Травматическая привязанность
Джудит Герман пишет о том, что подвергающиеся жестокому обращению дети зачастую склонны чрезвычайно крепко привязываться к тем самым родителям, которые причиняют им боль. (9) Сексуальные абьюзеры могут эксплуатировать эту тенденцию, давая своей жертве ощущение, что ее любят и считают особенной, чего она не получает ни от кого другого. Бессель ван дер Кольк утверждает, что испытавшие насилие и пренебрежение люди особенно склонны к формированию травматической привязанности к своим обидчикам. Именно травматическая привязанность зачастую является причиной того, что избиваемые женщины ищут оправдания насилию со стороны своих партнеров и постоянно возвращаются к ним. (10)
Ревиктимизация и я
К сожалению, перенесенные мною во взрослом возрасте изнасилования и избиения не были для меня чем-то новым. Физическое насилие со стороны обоих моих родителей с самого раннего детства, неоднократно пережитое в детстве и раннем подростковом возрасте сексуальное насилие (со стороны людей, не являющихся моими родственниками) и полное отсутствие поддержки или защиты стали для меня тем опытом, который я перенесла в более поздние отношения.

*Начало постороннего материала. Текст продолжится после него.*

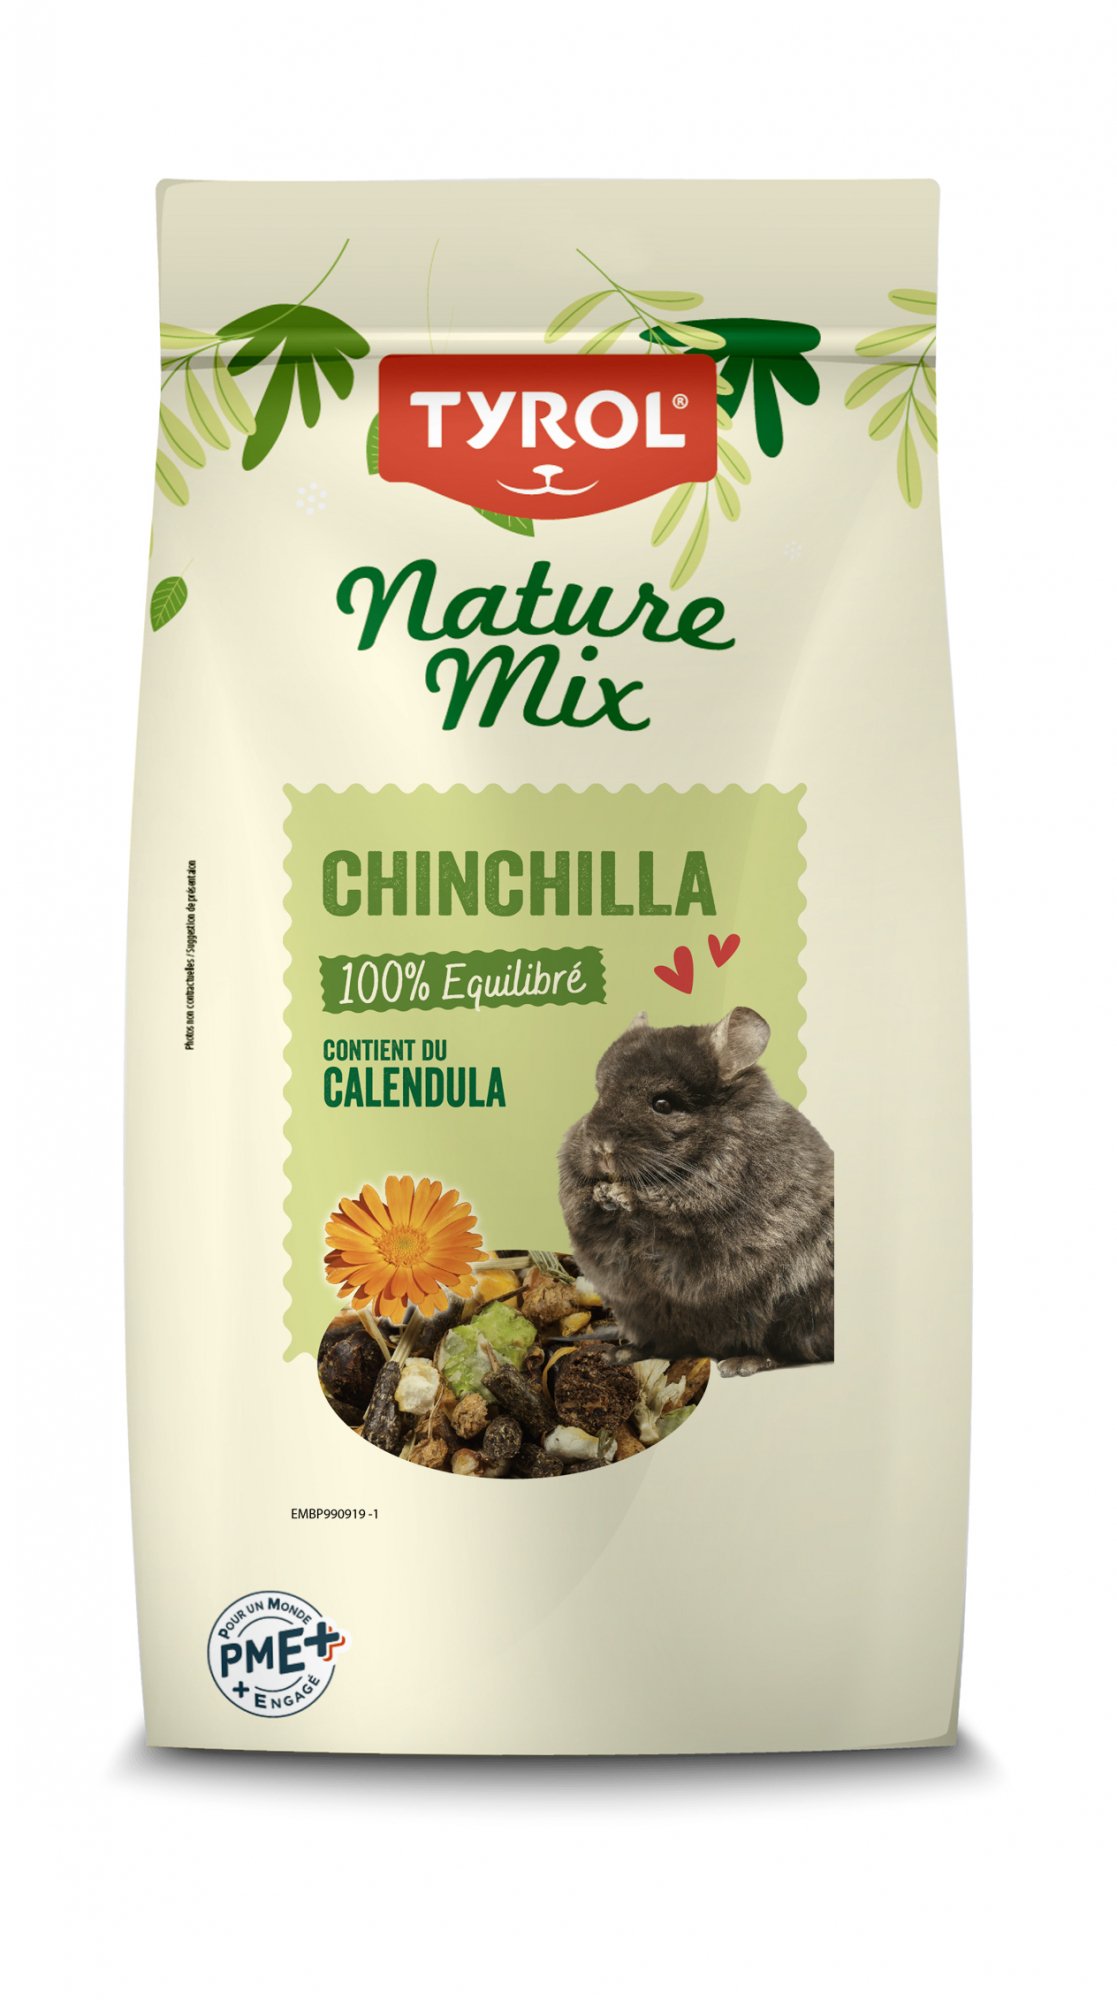 Mix voor chinchilla's

Я очень хорошо помню момент, когда он ударил меня. Он залепил мне звучную пощечину, и я, держась за свою раздувающуюся скулу, разумеется, чувствовала себя просто ужасно. Но также на другом, более глубинном уровне, я ощутила внутренний отклик: что-то внутри меня как будто бы встало на свое место. Это было ощущение правильности происходящего, подтверждение вечно испытываемого мною чувства собственной никчемности. Когда он изнасиловал меня в первый раз, я ощутила похожее – и чрезвычайно сильное – чувство встречи с чем-то мне предназначенным.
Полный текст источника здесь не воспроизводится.